Problem requirements:
Dropping every picture, set down exactly the lines in the entries below, starting with the line with "Franquicia Alfil.be sl: Inauguración" and going on through the line with "بازی های رایگان".

Given data:
--------

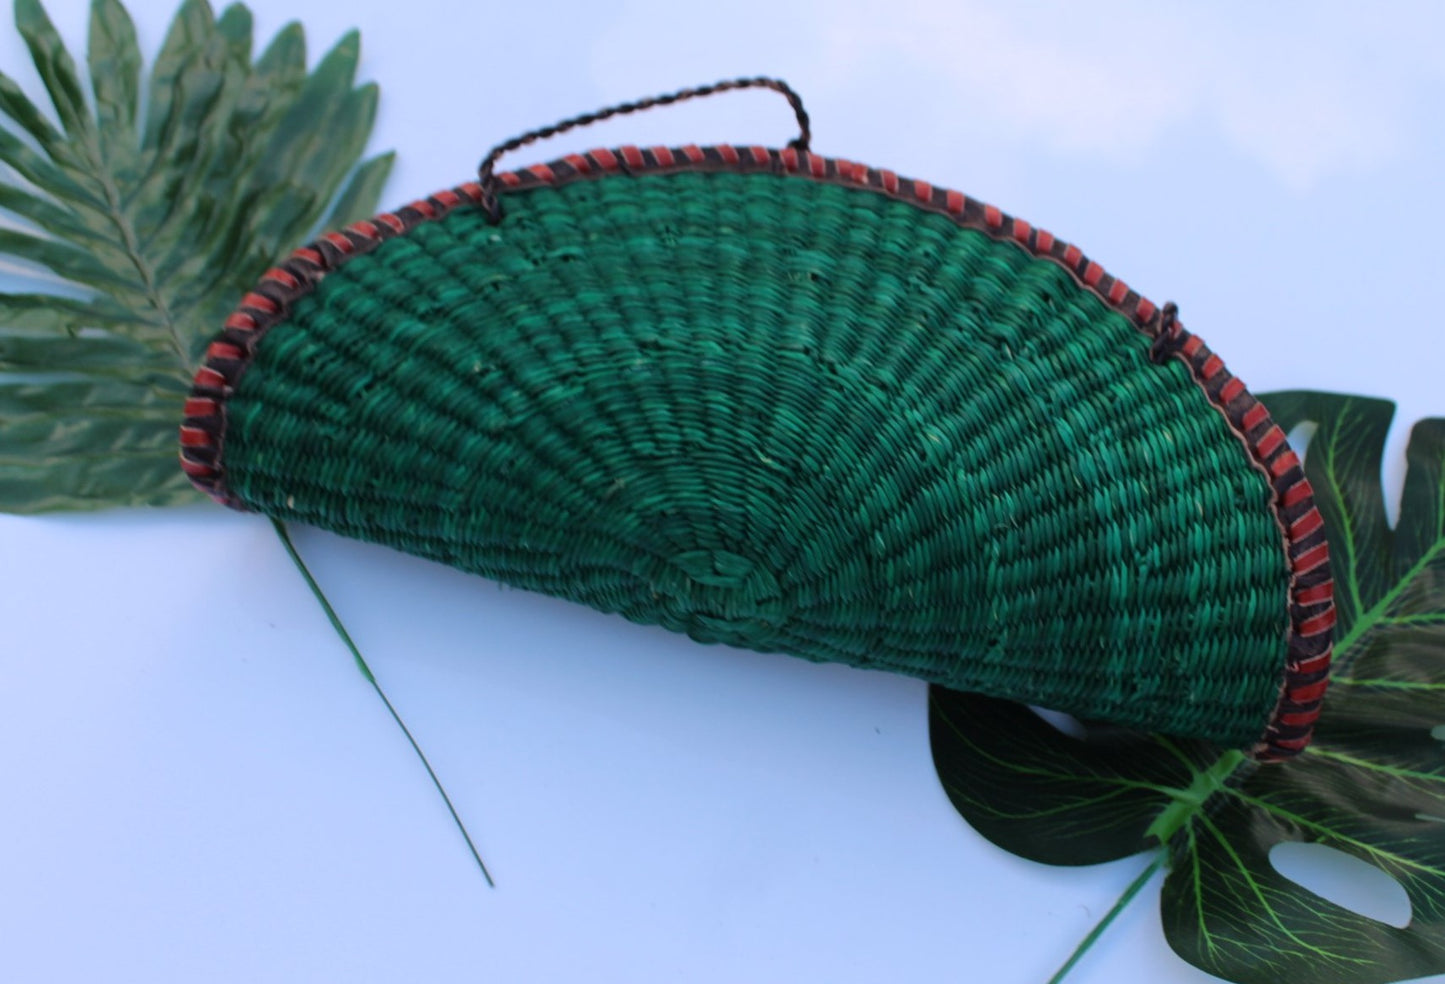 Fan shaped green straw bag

--------

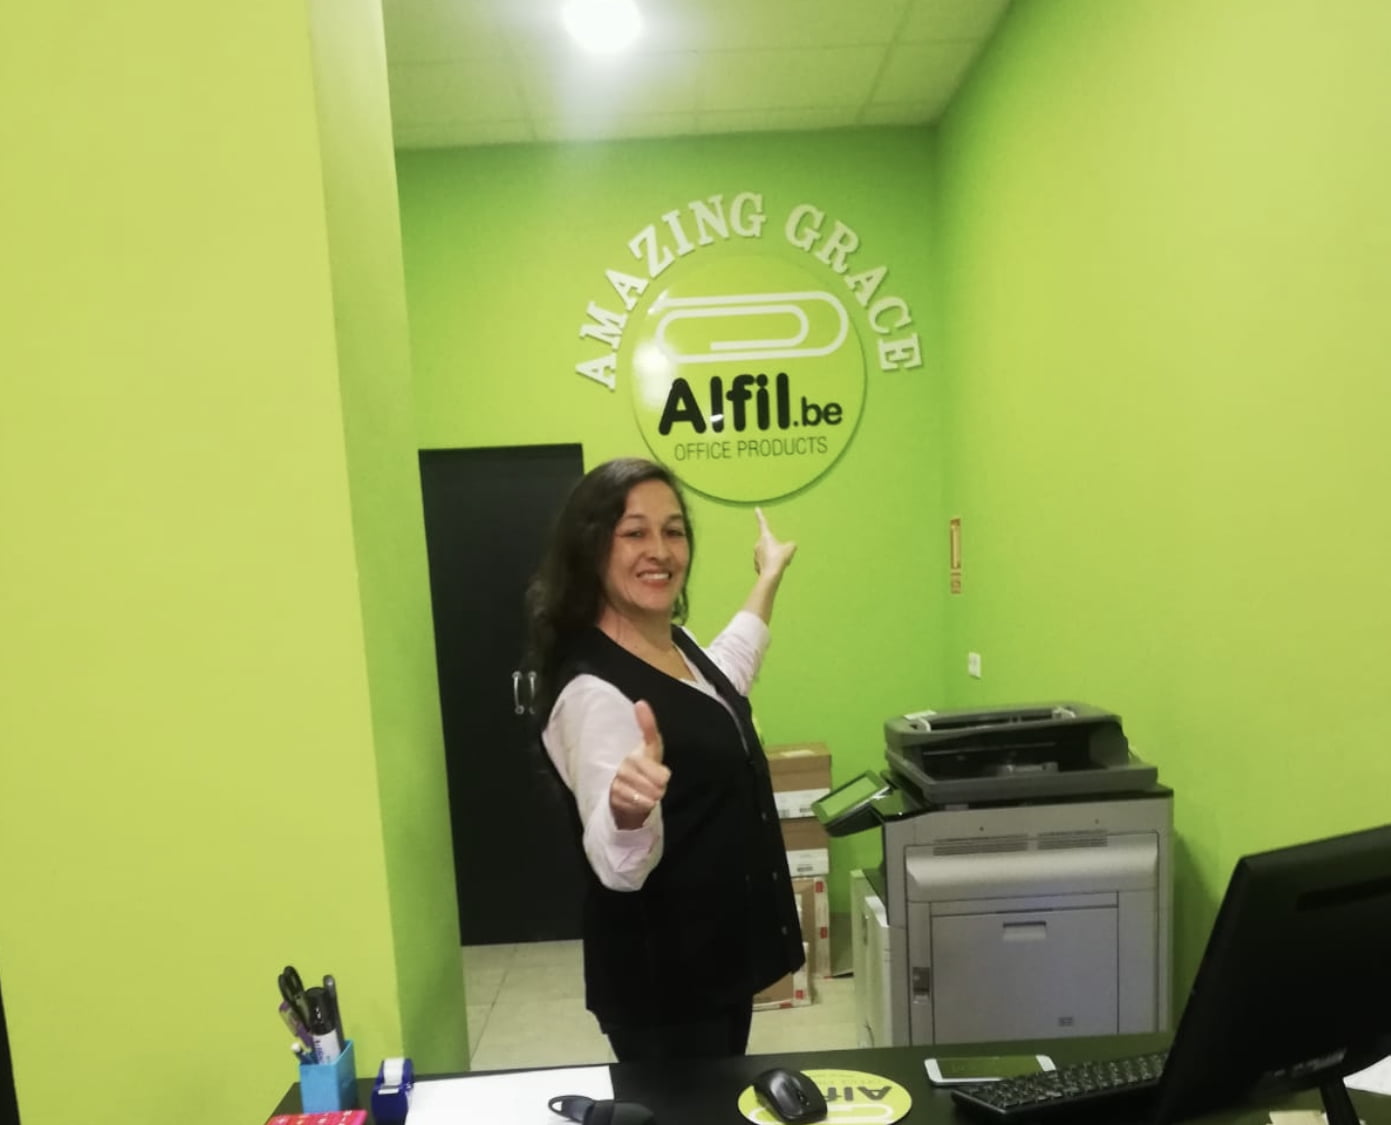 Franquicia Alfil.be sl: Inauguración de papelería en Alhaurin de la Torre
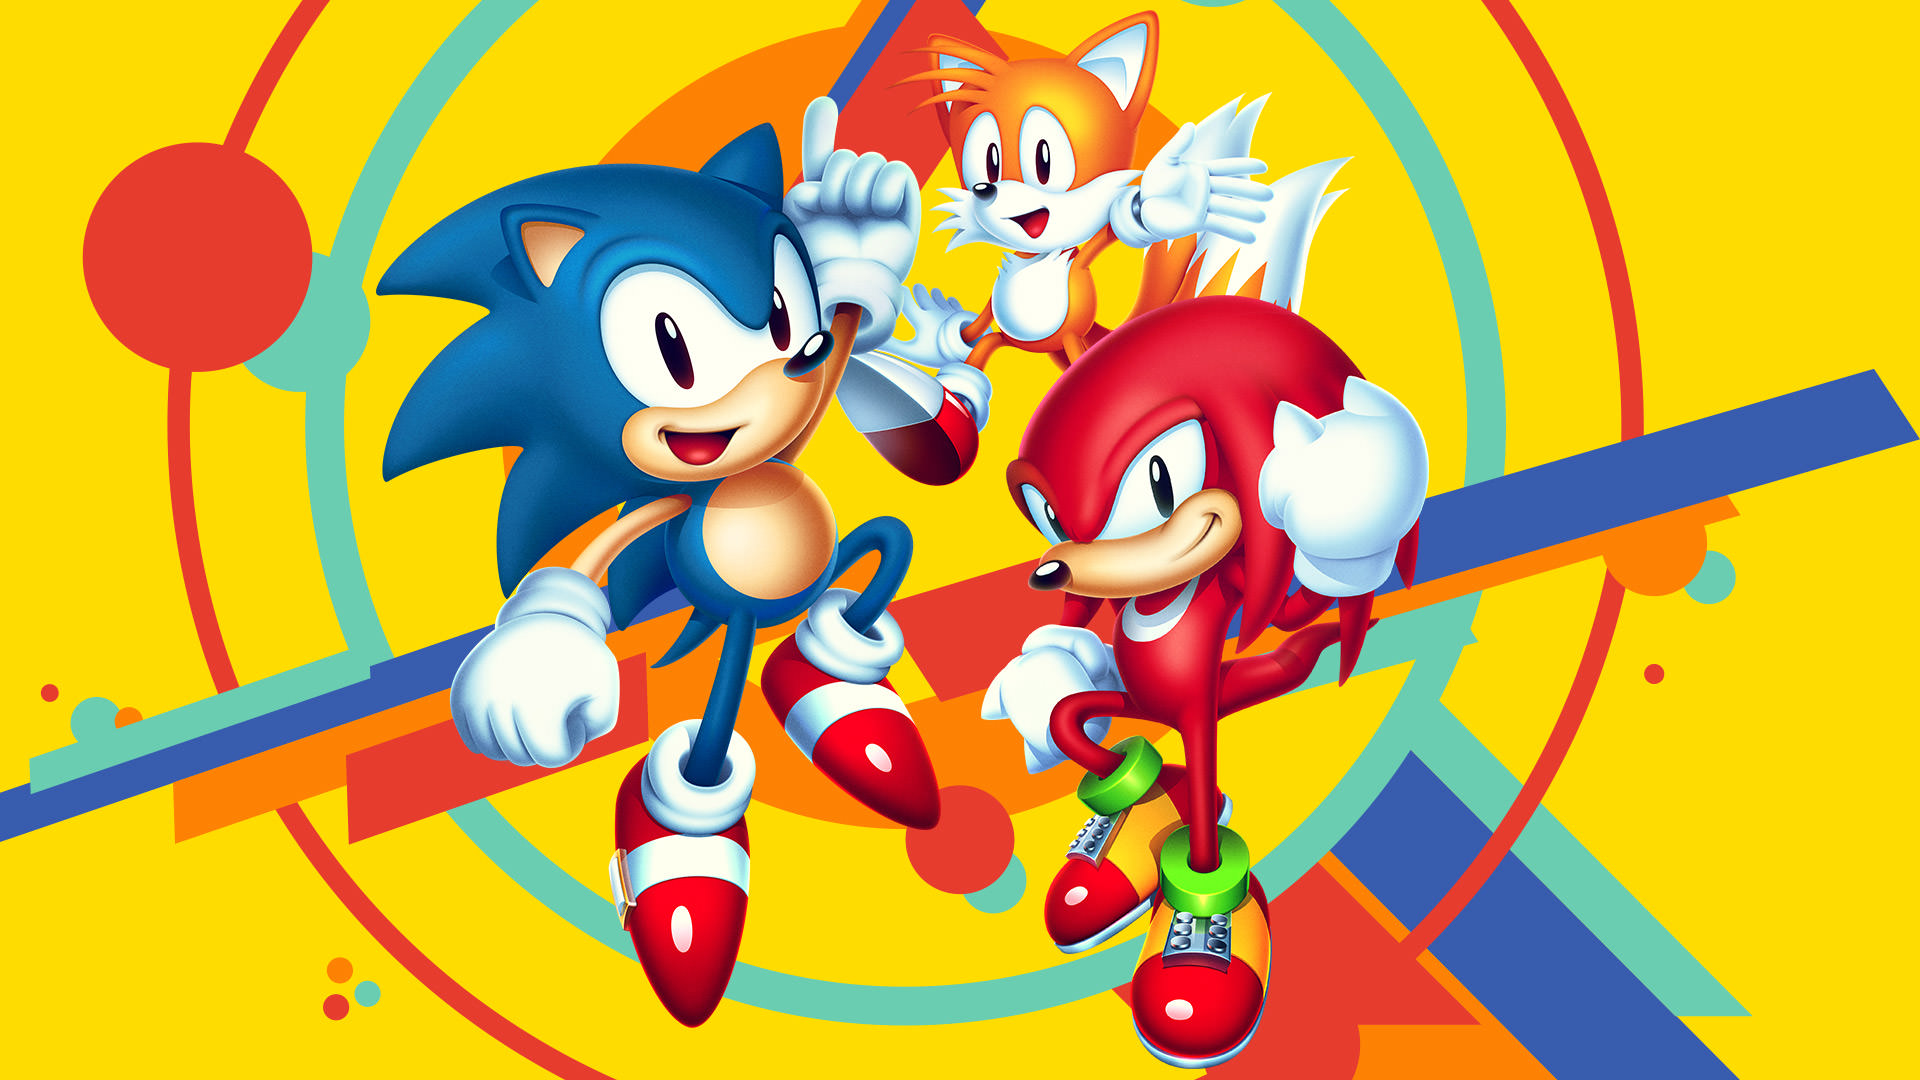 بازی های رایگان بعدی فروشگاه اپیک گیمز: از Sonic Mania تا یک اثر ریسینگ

--------

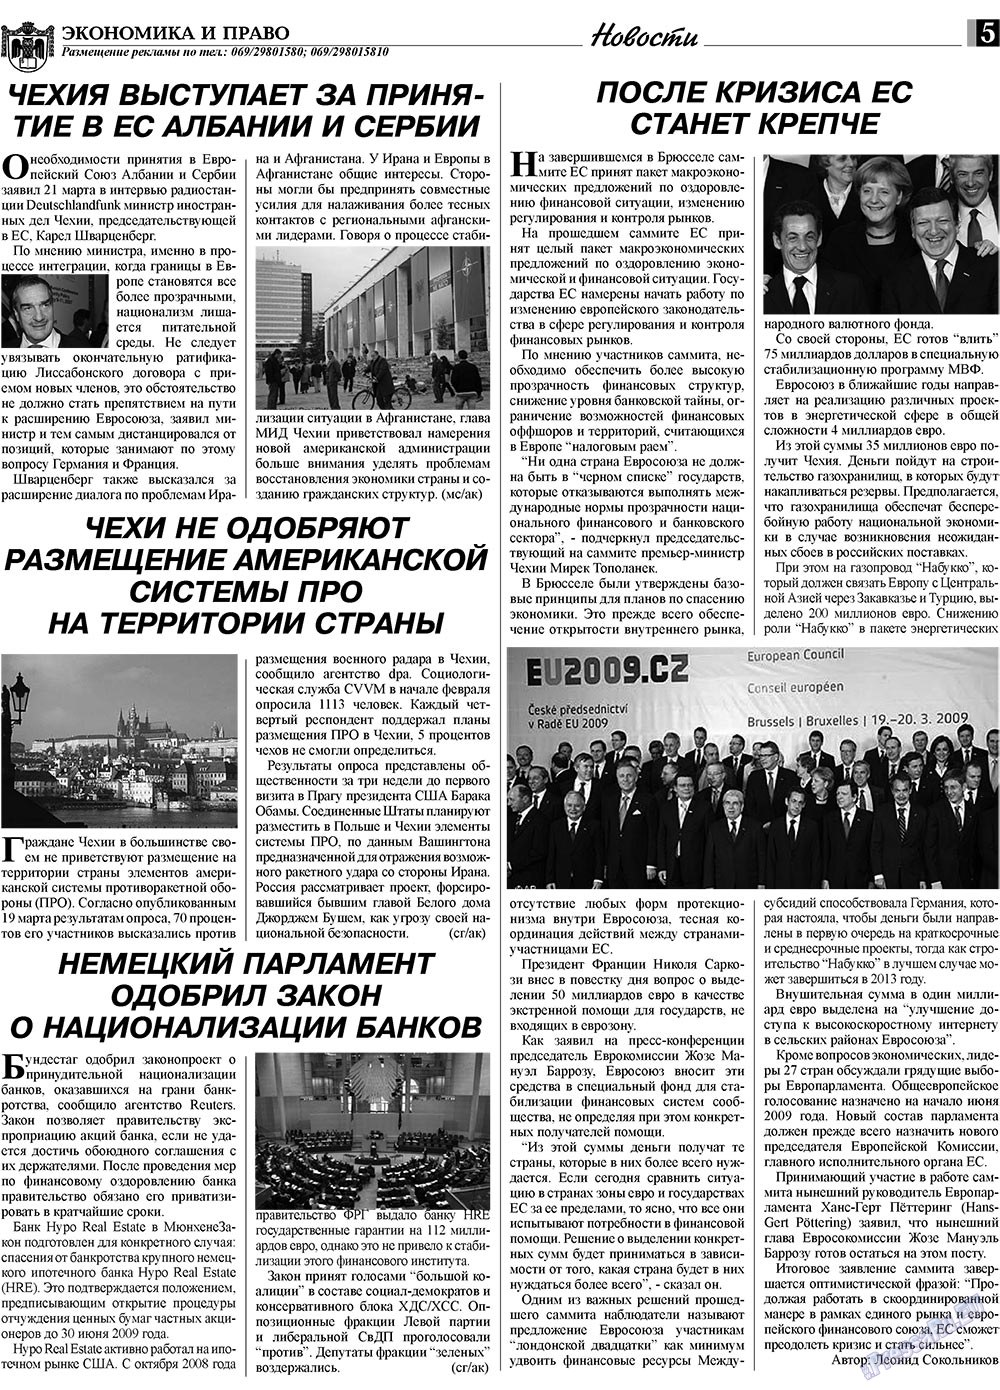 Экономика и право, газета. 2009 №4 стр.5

--------

Solved problem:
 Franquicia Alfil.be sl: Inauguración de papelería en Alhaurin de la Torre
 بازی های رایگان بعدی فروشگاه اپیک گیمز: از Sonic Mania تا یک اثر ریسینگ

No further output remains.